SolverStrategy (ABC)
├── DenseSolver           → np.linalg.eigh / scipy.linalg.eigh
├── DavidsonSolver        → _vibeqc_core.davidson_solve (C++)
├── HermitianDavidsonSolver → _vibeqc_core.davidson_solve_hermitian (C++)
├── LOBPCGSolver          → _vibeqc_core.lobpcg_solve (C++)
├── JDSolver              → _vibeqc_core.jd_solve (C++, experimental)
└── LanczosSolver         → pure Python, tridiagonal reduction

Registration is automatic: any SolverStrategy subclass is added to the registry at class-definition time via __init_subclass__. Aliases are supported via the _aliases class attribute.

Problem descriptors

  • EigenProblem ; Standard Hermitian: H x = λ x. Accepts explicit matrix OR matrix-free matvec callable.

  • GeneralizedEigenProblem ; Generalized: H x = λ S x. Auto-reduces via canonical orthogonalization when the solver doesn’t support it.

  • InteriorEigenProblem ; Interior eigenvalues near shift σ. Auto-reduces via shift-and-invert spectral transformation.

  • SCFStep ; Fock-matrix diagonalization step in an orthogonalized basis. Carries the orthogonalizer X, occupation count, and optional previous MO coefficients for warm-start/subspace recycling.

Extending ; adding a new solver

class MySolver(SolverStrategy):
    _aliases = ["mysolver", "my"]
    supports_extremal = True
    supports_matrix_free = True

    def solve(self, problem, options):
        # ... your algorithm ...
        return SolverResult(eigenvalues=..., eigenvectors=..., ...)

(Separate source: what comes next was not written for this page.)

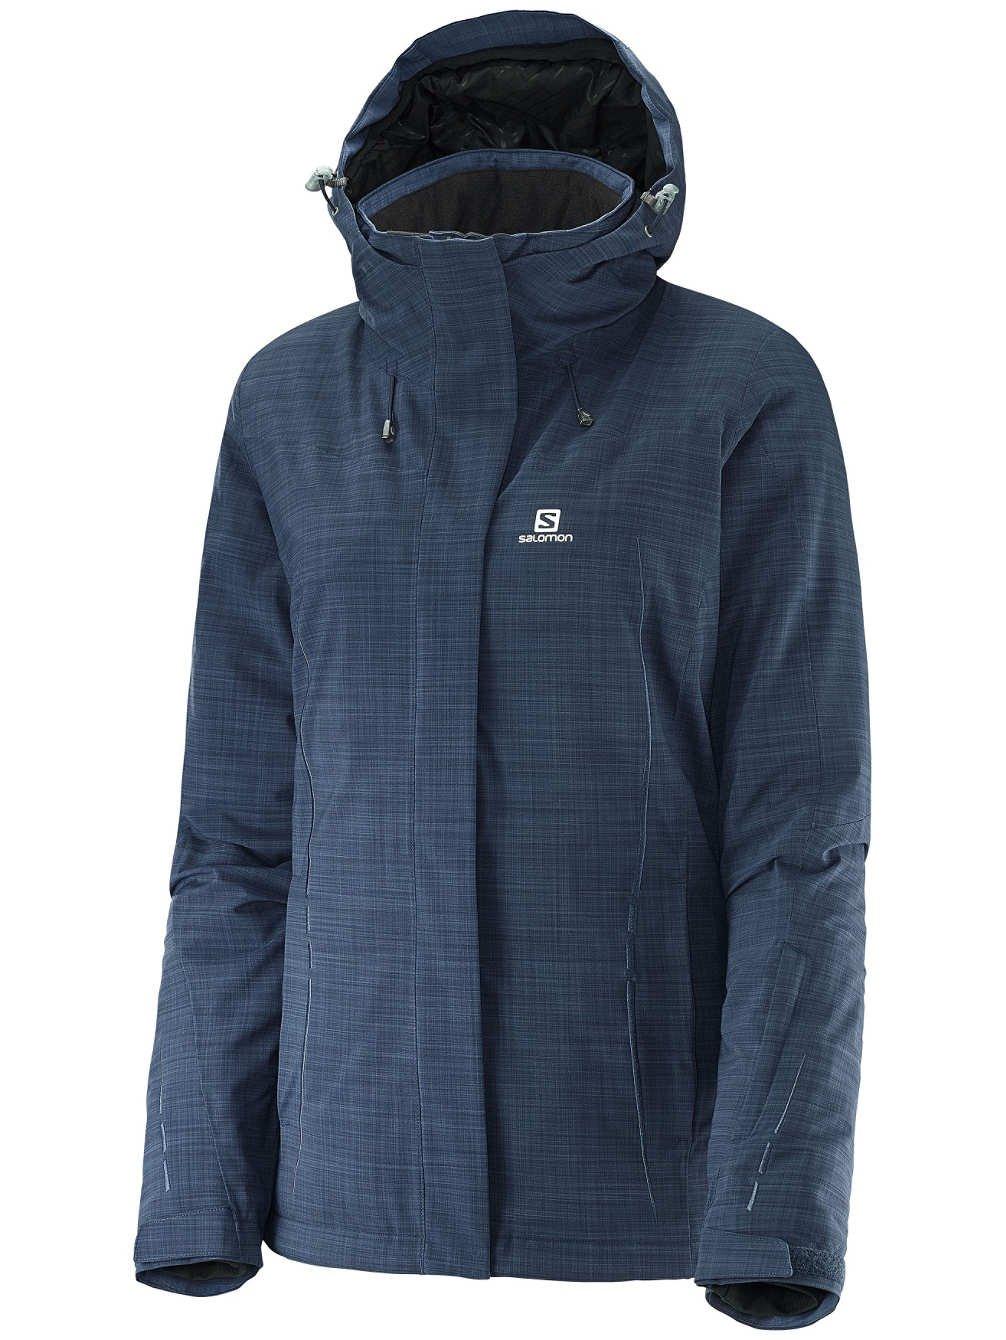 Damen Snowboard Jacke Salomon Icestorm + Jacket günstig

After class definition, it’s immediately available via solve_eigenproblem(..., solver="mysolver").

SCF accelerators (separate subsystem)

SCF convergence acceleration (DIIS, EDIIS, KDIIS, ADIIS, level shift, dynamic damping, Newton/SOSCF/TRAH) is a separate subsystem from the diagonalization framework. Accelerators operate on the Fock/density matrices between diagonalizations. They are selected via opts.scf_accelerator and the second-order threshold fields. See docs/user_guide/scf_convergence.md for the full accelerator guide.

References

  • Davidson, E. R. J. Comput. Phys. 17, 87-94 (1975). DOI: 10.1016/0021-9991(75)90065-0

  • Liu, B. NRCC Workshop on Numerical Algorithms in Chemistry, LBL-8158 (1978). Block generalization of Davidson.

  • Knyazev, A. V. SIAM J. Sci. Comput. 23, 517-541 (2001). DOI: 10.1137/S1064827500366124 ; LOBPCG.

  • Kresse, G. & Furthmüller, J. Phys. Rev. B 54, 11169 (1996). VASP-style blocked Davidson for Kohn-Sham.

  • Saunders, V. R. & Hillier, I. H. Int. J. Quantum Chem. 7, 699-705 (1973). DOI: 10.1002/qua.560070505 ; Level shifting.

  • Pulay, P. Chem. Phys. Lett. 73, 393-398 (1980). DIIS.

  • Kudin, K. N., Scuseria, G. E. & Cancès, E. J. Chem. Phys. 116, 8255 (2002). EDIIS.

  • Hu, X. & Yang, W. J. Chem. Phys. 132, 054109 (2010). ADIIS.

  • Kollmar, C. Int. J. Quantum Chem. 105, 685 (2005). KDIIS.

  • Neese, F. Chem. Phys. Lett. 325, 93-98 (2000). SOSCF.

  • Helmich-Paris, B. J. Chem. Phys. 156, 054104 (2022). TRAH.

  • Sleijpen, G. L. G. & Van der Vorst, H. A. SIAM J. Matrix Anal. Appl. 17, 401-425 (1996). DOI: 10.1137/S0895479894270427 ; Jacobi-Davidson.